Appears in 1 contract
Sources: Subscription Agreement (Sify LTD)
Post-Closing Activities. Simultaneously with or immediately after the Closing the Company shall make all such post-Closing filings with Governmental Authorities required under Requirements of Law in relation to the matters referred to in this Agreement and upon request shall provide evidence thereof to Infinity Capital. Within 45 days after the Closing Date, V▇▇▇▇▇▇▇ shall identify an individual to be appointed to the Board of Directors, and the Company hereby covenants that Board of Directors shall promptly appoint such individual as a Director. The Company covenants that it shall at all times use its commercially reasonable efforts to maintain, for a period of three years from the Closing Date, directors and officers insurance coverage at least as protective as the Company’s current coverage. For so long as Infinity Capital continues to own at least 10% of the Company’s outstanding Equity Shares, the Company shall not enter into any agreement pursuant to which it would provide a third party with registration rights for Company securities, without the consent of Infinity Capital (which may be withheld at the sole discretion of Infinity Capital), unless the Company provides Infinity Capital with registration rights on a parri passu basis with such third party.
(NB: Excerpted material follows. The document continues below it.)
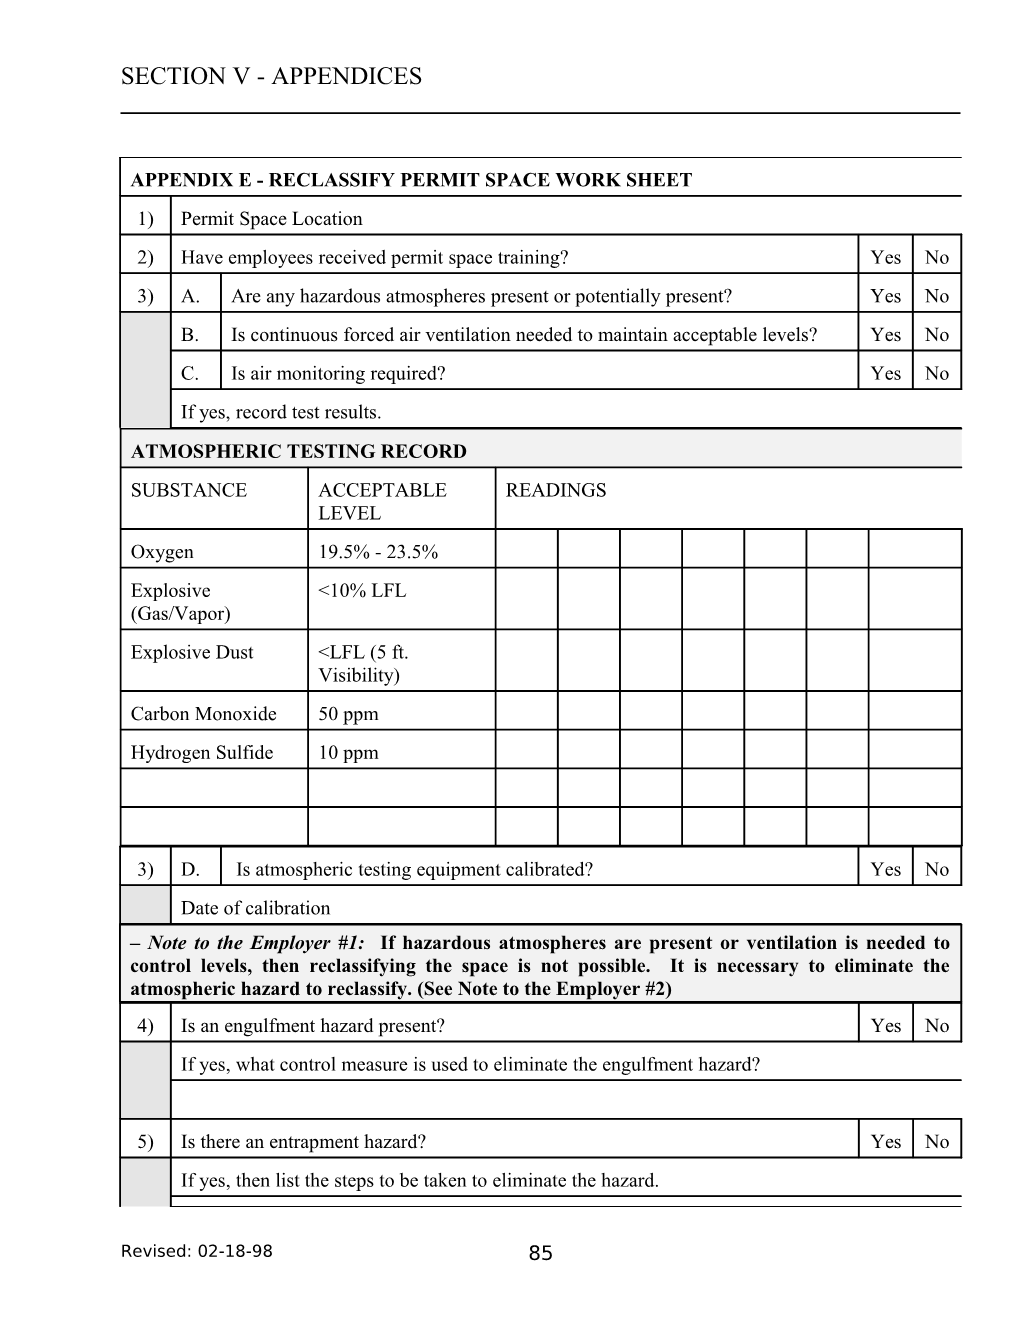 Appendix E - Reclassify Permit Space Work Sheet
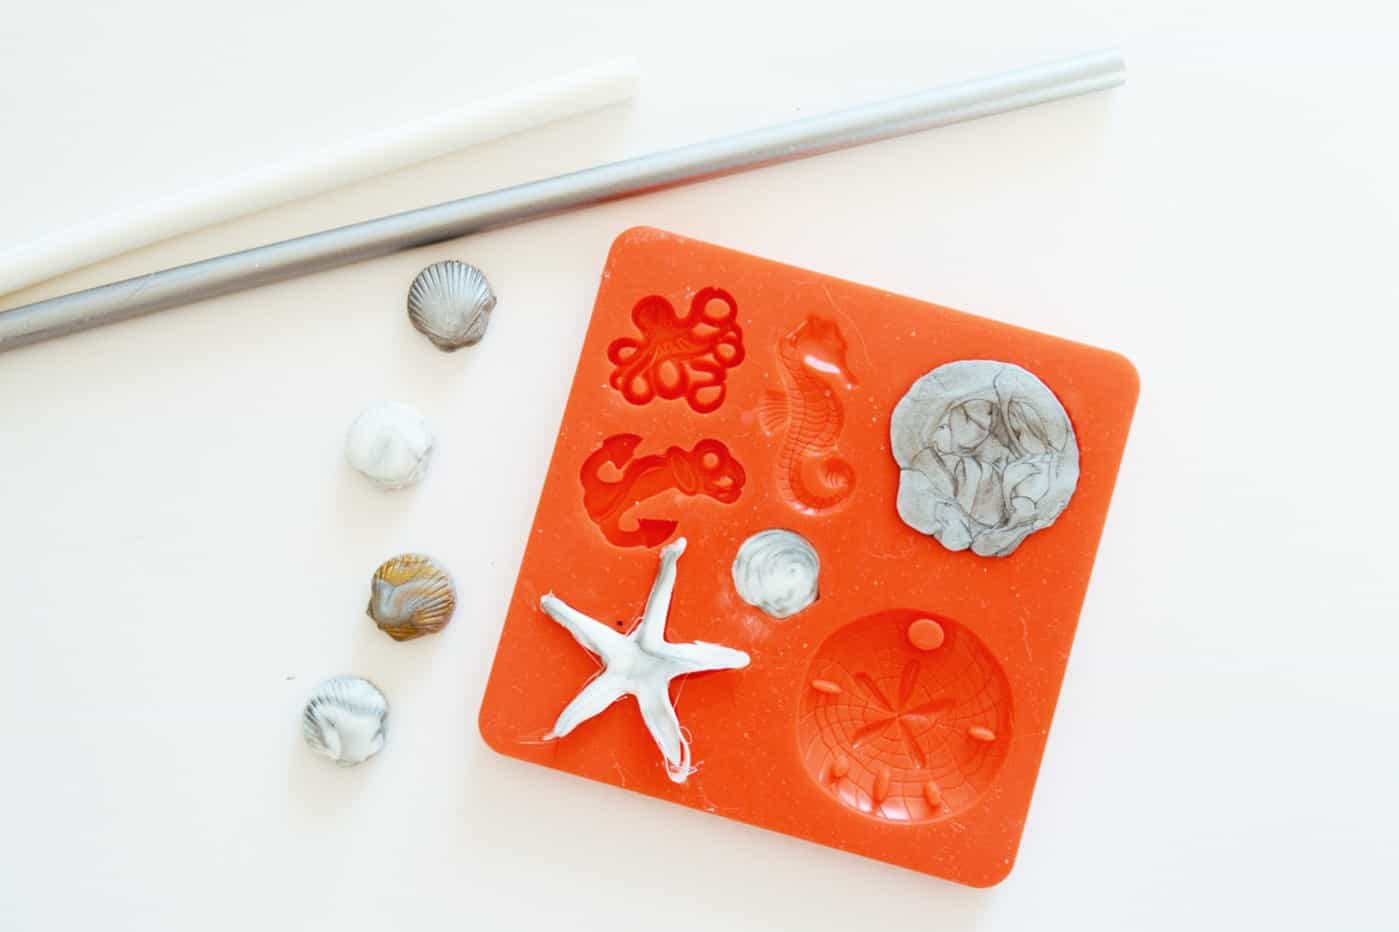 Hot glue sticks swirled into a beach themed silicone mold

To the extent the securities issued to Infinity Capital or its Nominee pursuant to this Agreement are Equity Shares, as opposed to ADSs, the Company covenants that it shall (at its own expense to the extent permissible under Requirements of Law), as soon as reasonably practicable in light of SV 481355.2 applicable Requirements of Law, cause such Equity Shares to be converted into ADSs. The Company further covenants that it shall notify Infinity Capital promptly once Requirements of Law provide that any Equity Shares issued pursuant to this Agreement may be converted into ADSs. With a view to making available the benefits of certain rules and regulations of the Securities Exchange Commission which may at any time permit the sale of the restricted securities to the public without registration, so long as Infinity Capital continues to own at least 10% of the Company’s outstanding Equity Shares, the Company agrees to use its commercially reasonable efforts to:
(a) Make and keep public information available, as those terms are understood and defined in Rule 144 under the Securities Act of 1933, as amended;
(b) File with the Securities and Exchange Commission (the “Commission”) in a timely manner all reports and other documents required of the Company under the Securities Act and the Exchange Act; and
(c) Furnish to Infinity Capital forthwith upon request a written statement by the Company as to its compliance with the reporting requirements of said Rule 144, a copy of the most recent annual or other periodic report of the Company, and such other reports and documents of the Company and other information in the possession of or reasonably obtainable by the Company as such Investor may reasonably request in availing itself of any rule or regulation of the Commission allowing such Investor to sell any such securities without registration.